De um país para outro
Em tempos de crise na Europa, muitos carreteiros estão aproveitando a situação do mercado laboral para emigrar para outros países que oferecem melhores condições de trabalho. Segundo Miguel Martinéz, diretor da CETM espanhola, profissionais espanhóis têm ido para países da América do Sul. Tillyer, da Eurotra, confirma. “A Espanha sempre teve um número alto de motoristas autônomos e, com a força da economia brasileira, muitos estão vendo o Brasil como uma grande oportunidade para começar uma nova vida. Suspeito que esteja acontecendo a mesma coisa com os motoristas portugueses. De fato, o Canadá também tem um forte programa de recrutamento, com a possibilidade de condutores alemães e dinamarqueses se realocarem para ajudar a indústria canadense. No entanto, lembramos que a realocação de motoristas europeus para outras partes do mundo deixa um problema ainda maior para a Europa e pode fazer com que o continente comece a recrutar profissionais asiáticos”.
Para Claudia Ball, a situação varia de acordo com cada país. “A minha impressão é de que os motoristas alemães e do Leste Europeu são mais propensos a trabalhar em outros países. Para os alemães, a Noruega, Suécia, Áustria, Holanda e Dinamarca são atualmente países interessantes porque oferecem salários mais altos e a profissão tem uma melhor reputação.
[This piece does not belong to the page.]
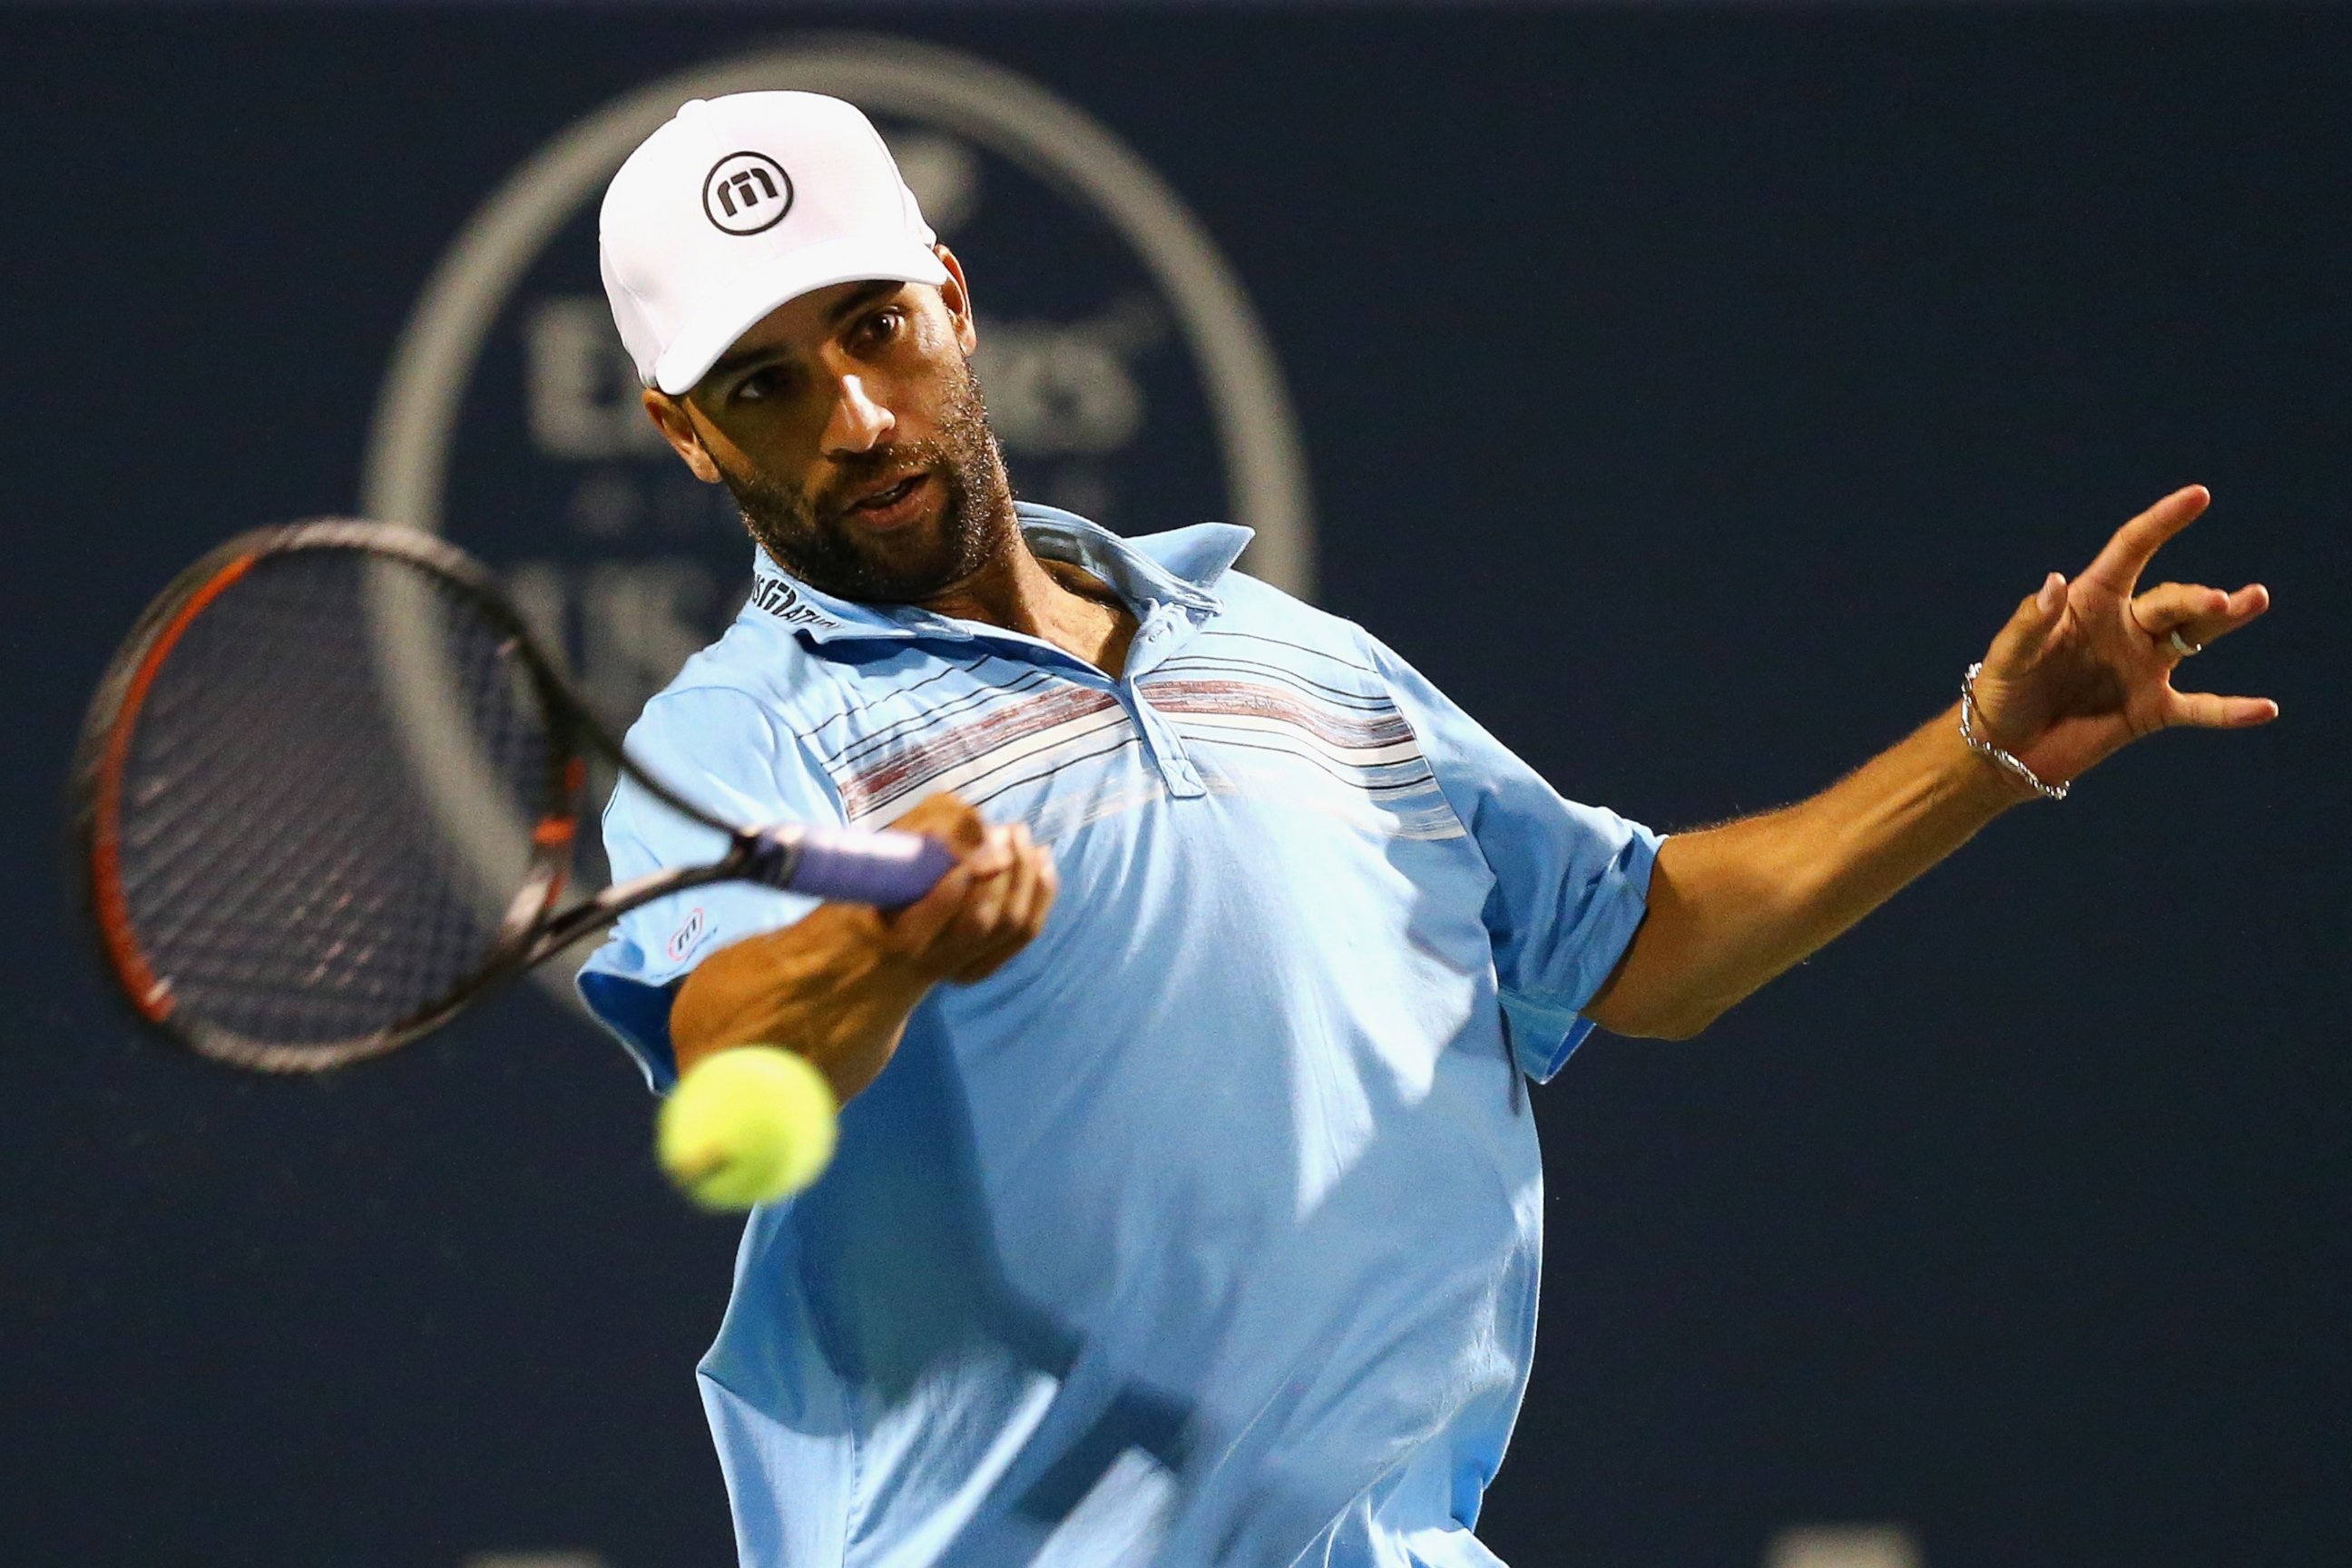 PHOTO: James Blake returns a forehand to Andy Roddick during their match as part of the Men's Legends presented by PowerShares Series on Day 4 of the Connecticut Open at Connecticut Tennis Center at Yale, Aug. 27, 2015 in New Haven, Conn.

Em relação à mobilidade de emprego fora da Europa, o Canadá costumava ser um destino interessante para motoristas europeus devido às boas condições de trabalho, ao idioma e à política de imigração”. Dentro da própria Europa, Tillyer diz que Escandinávia e Norte da Europa são bastante afetados. “No Leste europeu, muitas companhias estão recrutando motoristas de países vizinhos, como a Polônia tem feito ao recrutar condutores da Ucrânia, por exemplo”.